## DATA PROVIDED
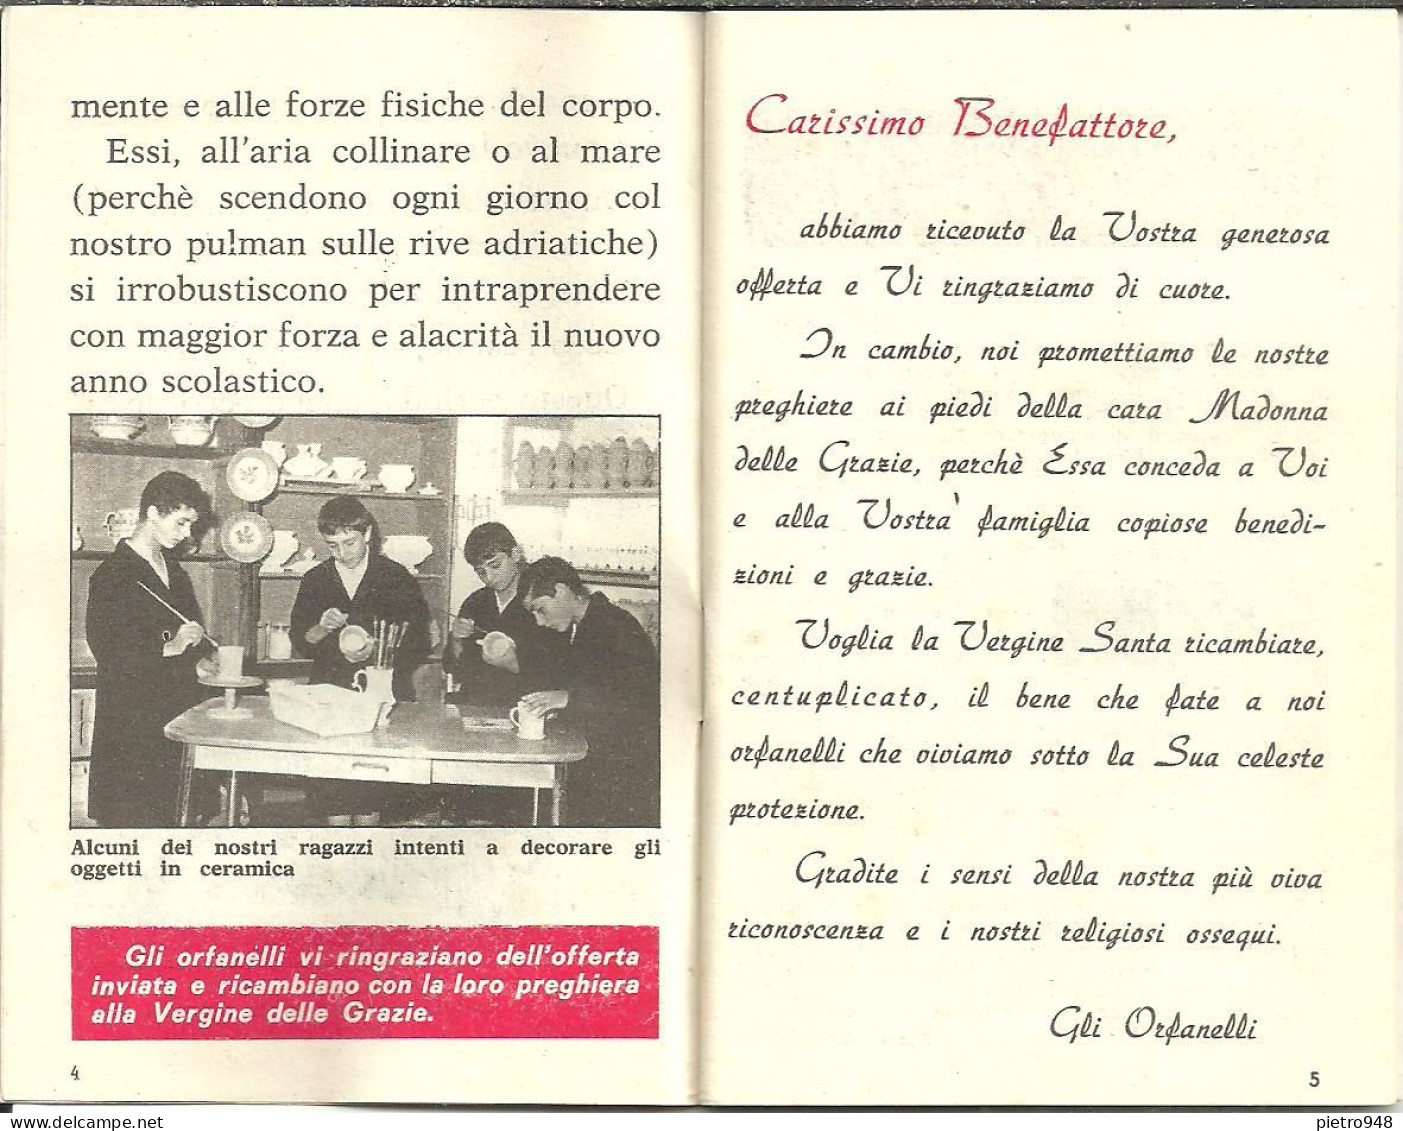 Libro (Libretto) Religioso "Opera Madonna Delle Grazie E Sant'Antonio" Corato (Bari), Agendina 1970 - Religion/ Spirituality
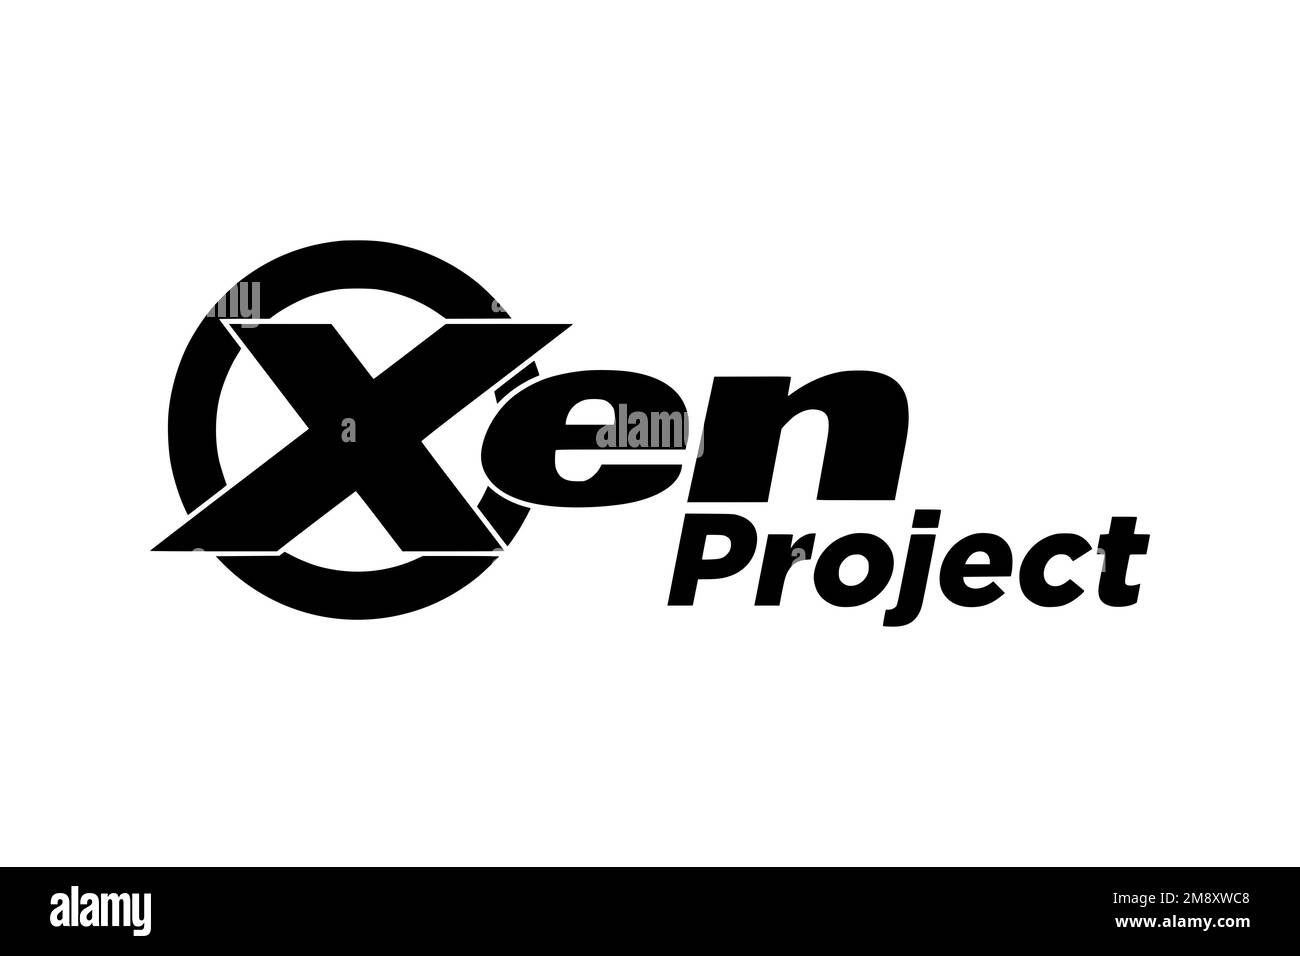 Xen, Logo, White background Stock Photo - Alamy
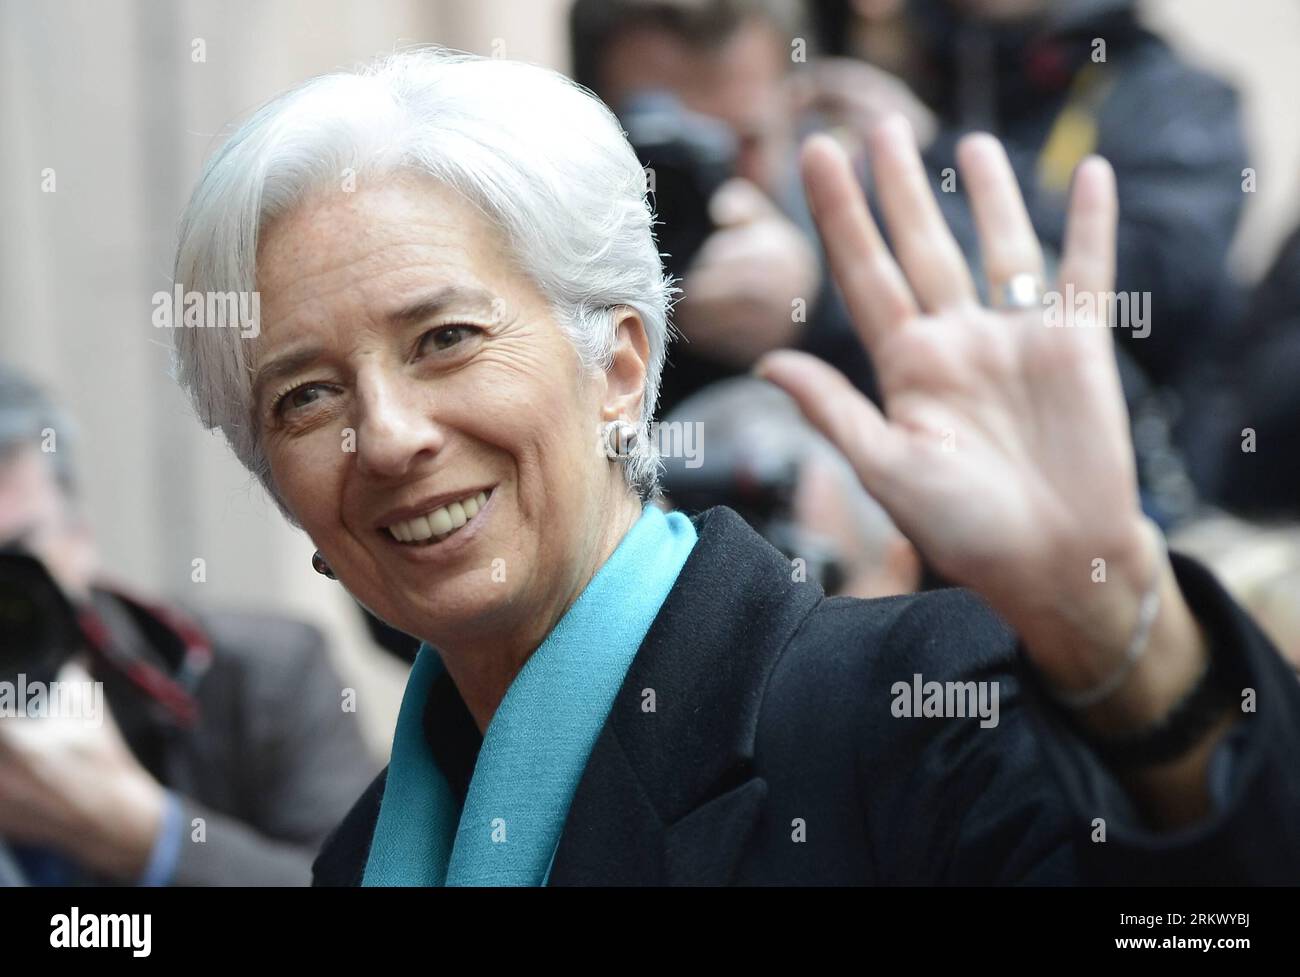 (121126) -- BRUXELLES, 26 novembre 2012 (Xinhua)-- l'amministratore delegato del Fondo monetario internazionale (FMI) Christine Lagarde arriva per la riunione dei ministri delle finanze dell'Eurozona a Bruxelles, capitale del Belgio il 26 novembre 2012. I ministri delle finanze dell’Eurozona si sono incontrati lunedì per discutere la prossima rata del denaro di salvataggio per la Grecia carica di debito. (Xinhua/Wu Wei) BELGIO-UE-ZONA EURO-RIUNIONE PUBLICATIONxNOTxINxCHN Foto Stock
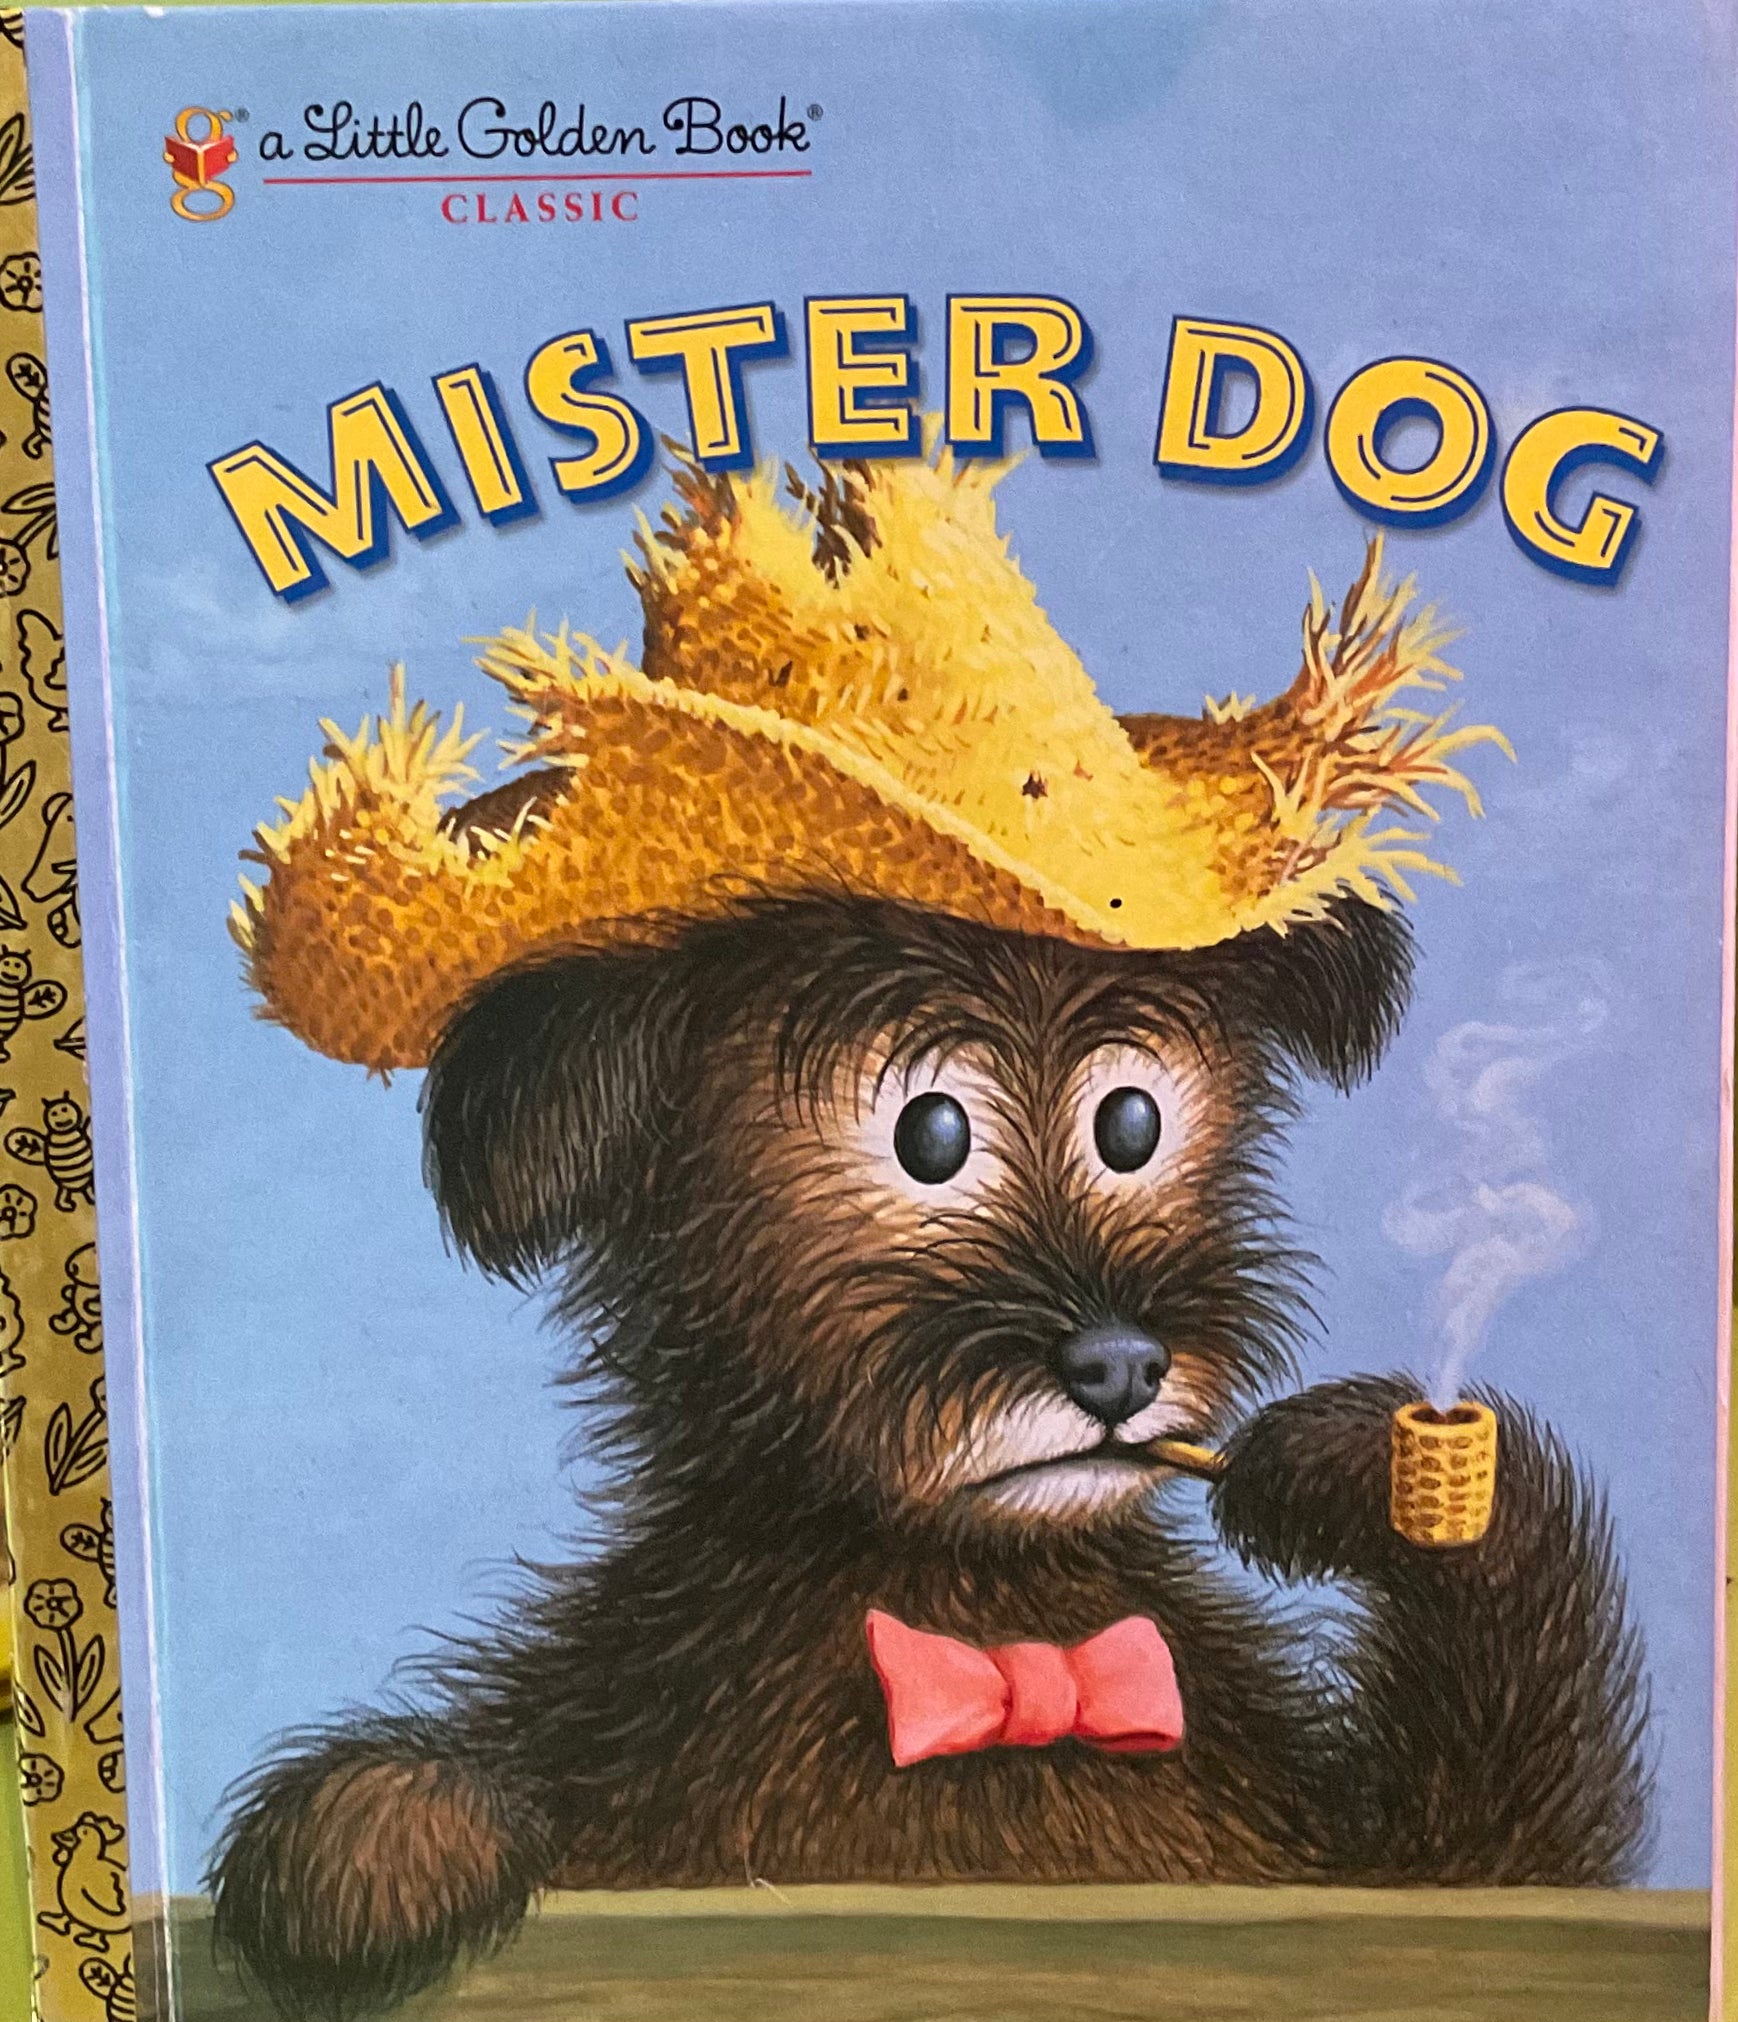 Mister Dog, Margaret Wise Brown

## TASK STATEMENT
Retype exactly, please, the span from the line holding "Xen, Logo, White" through the closing line of the data, both ends included, without the pictures.

## RESPONSE BELOW
 Xen, Logo, White background Stock Photo - Alamy
 (121126) -- BRUXELLES, 26 novembre 2012 (Xinhua)-- l'amministratore delegato del Fondo monetario internazionale (FMI) Christine Lagarde arriva per la riunione dei ministri delle finanze dell'Eurozona a Bruxelles, capitale del Belgio il 26 novembre 2012. I ministri delle finanze dell’Eurozona si sono incontrati lunedì per discutere la prossima rata del denaro di salvataggio per la Grecia carica di debito. (Xinhua/Wu Wei) BELGIO-UE-ZONA EURO-RIUNIONE PUBLICATIONxNOTxINxCHN Foto Stock
 Mister Dog, Margaret Wise Brown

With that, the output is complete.